What is required:
The full listing is to be transcribed exactly, with each picture left out.
BEGIN Dataset excerpt
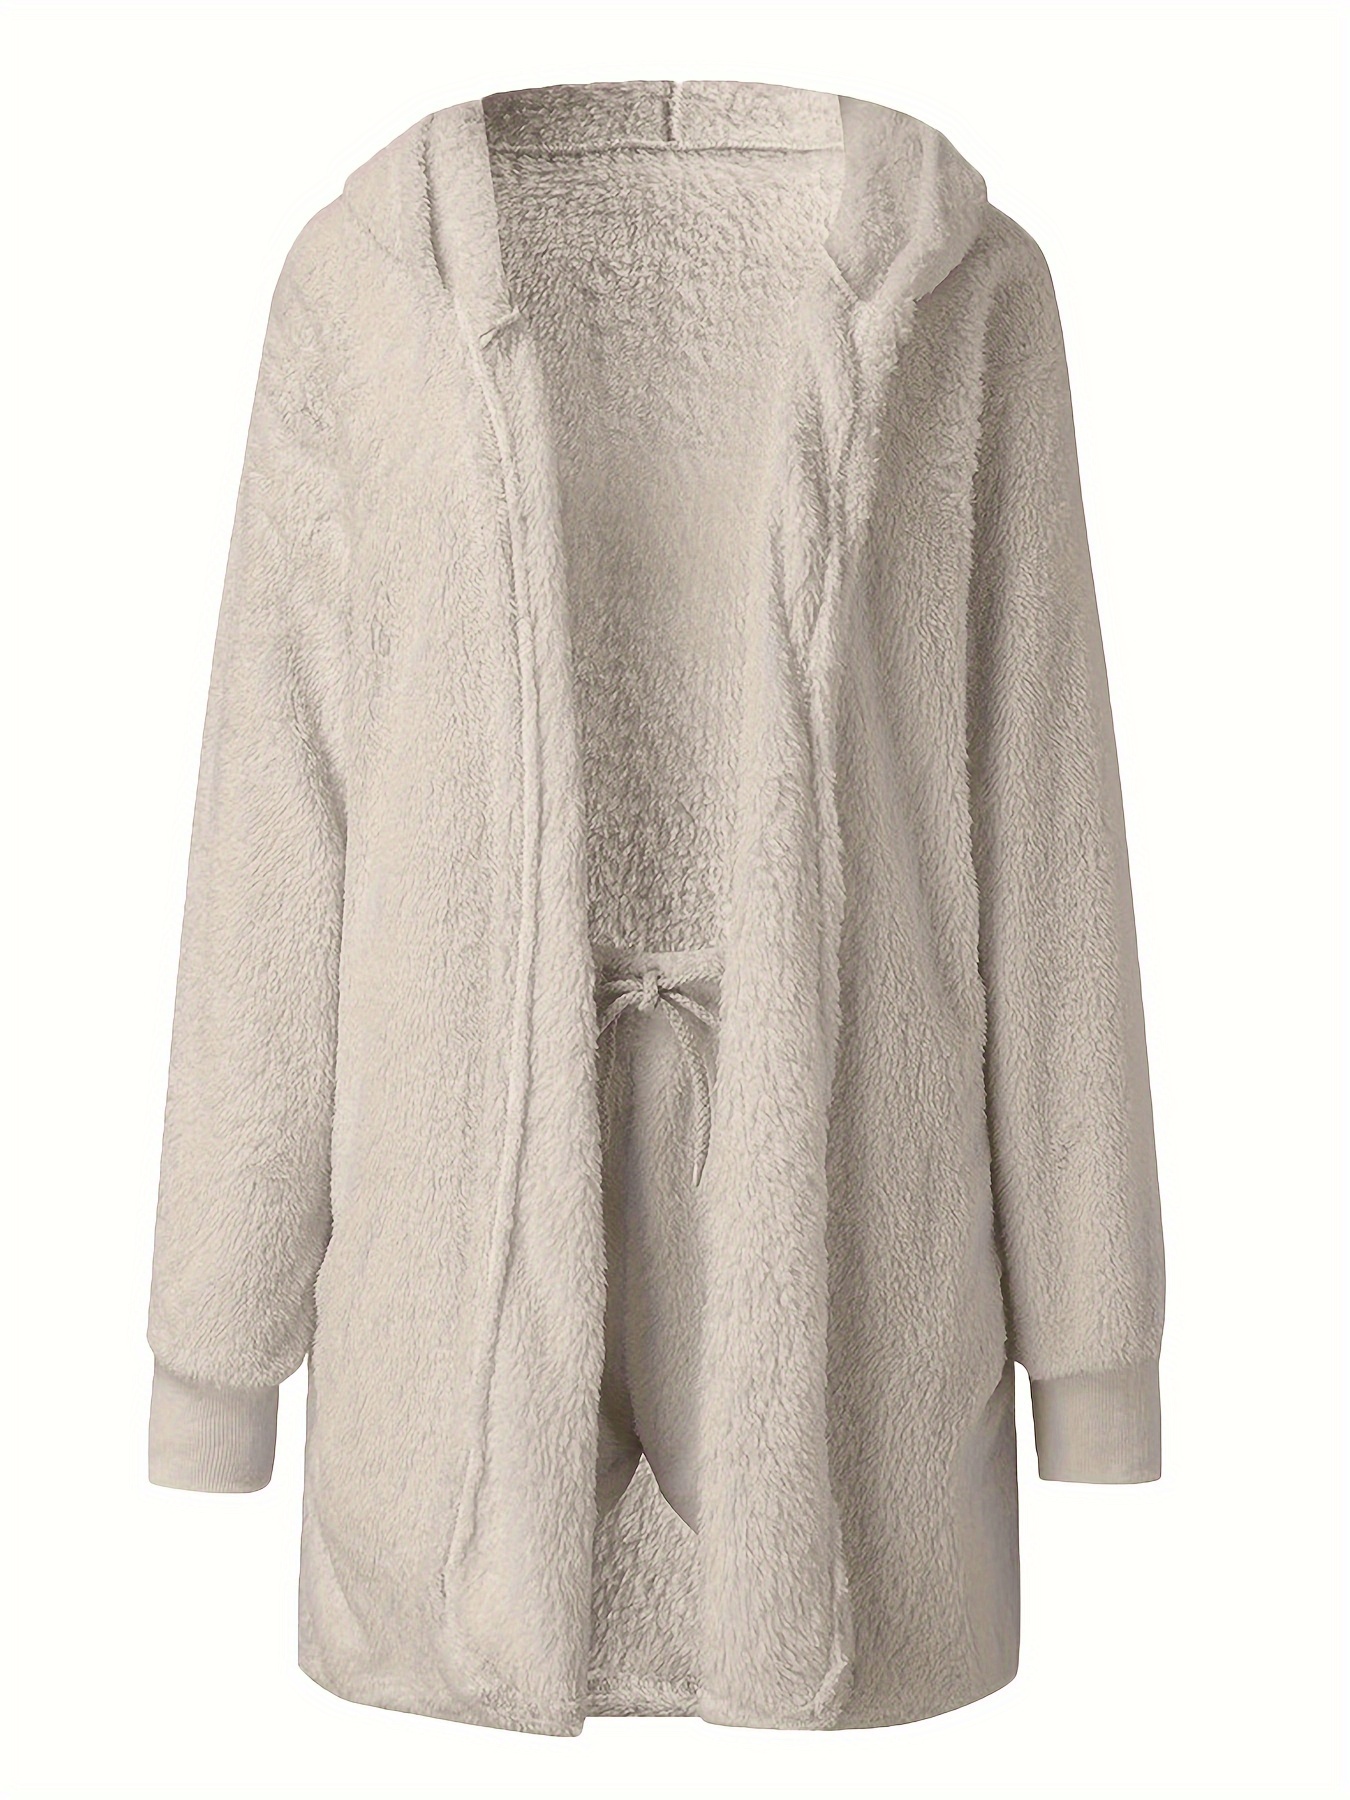 Warm Fuzzy Pajama Set, Long Sleeve Hooded Robe & Tank Top & Drawstring  Shorts, Women's Sleepwear & Loungewear
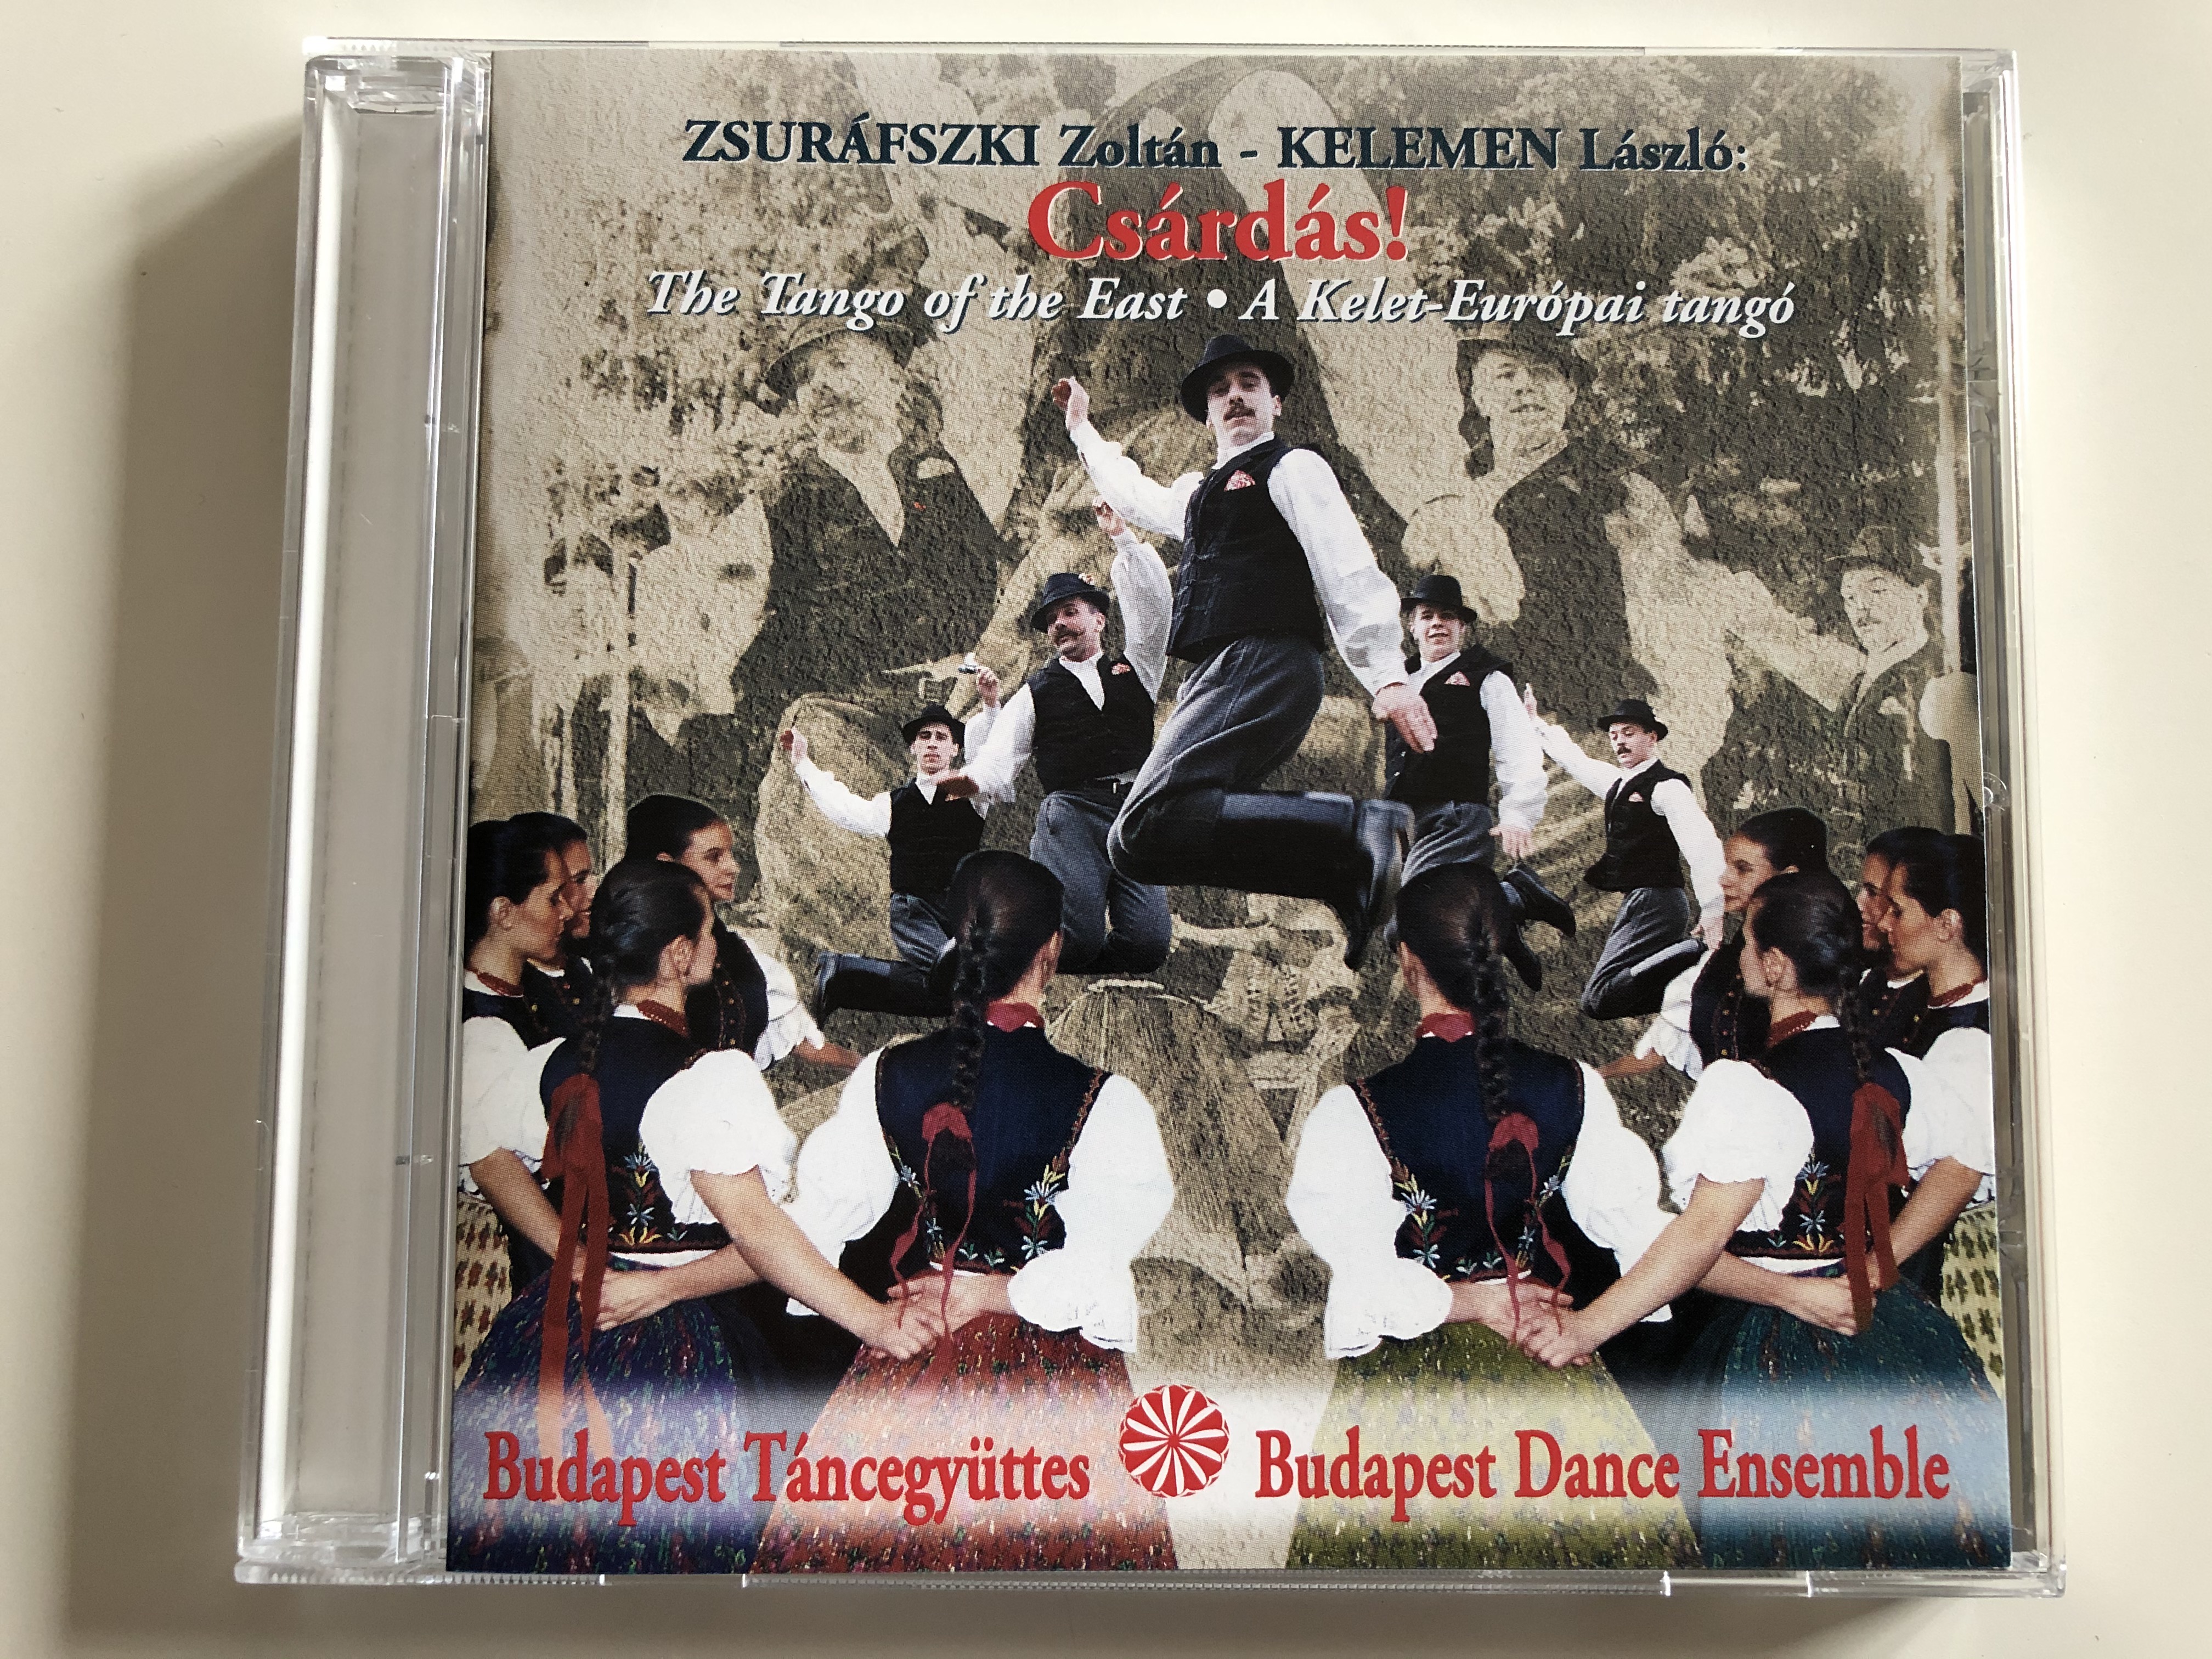 zsurfszki-zoltan-kelemen-laszlo-cs-rd-s-the-tango-of-the-east-a-kelet-eur-pai-tang-budapest-dance-ensemble-budapest-t-ncegy-ttes-audio-cd-1999-bpte001-1-.jpg
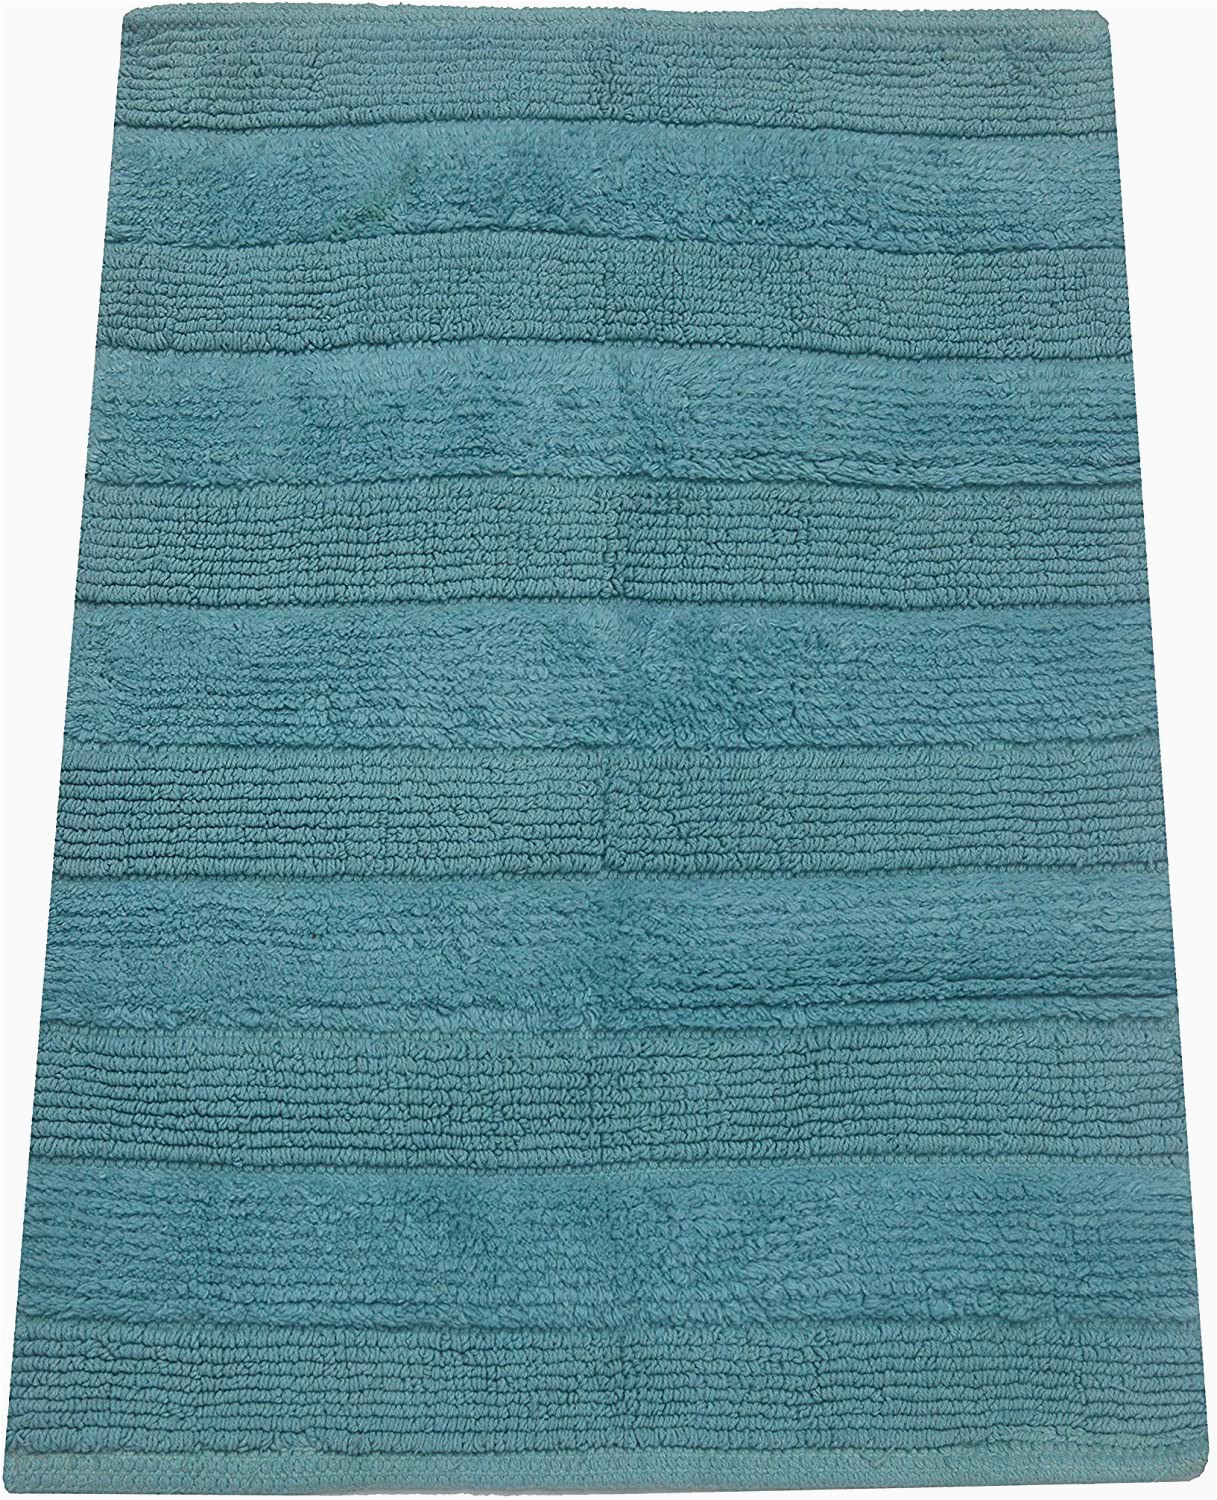 Blue and Green Bathroom Rugs Chardin Home – Thai Spa Cotton Hand Woven Bathroom Rug Size 20”x30” Light Blue with Latex Spray Back
END Dataset excerpt
Result:
 Warm Fuzzy Pajama Set, Long Sleeve Hooded Robe & Tank Top & Drawstring  Shorts, Women's Sleepwear & Loungewear
 zsurfszki-zoltan-kelemen-laszlo-cs-rd-s-the-tango-of-the-east-a-kelet-eur-pai-tang-budapest-dance-ensemble-budapest-t-ncegy-ttes-audio-cd-1999-bpte001-1-.jpg
 Blue and Green Bathroom Rugs Chardin Home – Thai Spa Cotton Hand Woven Bathroom Rug Size 20”x30” Light Blue with Latex Spray Back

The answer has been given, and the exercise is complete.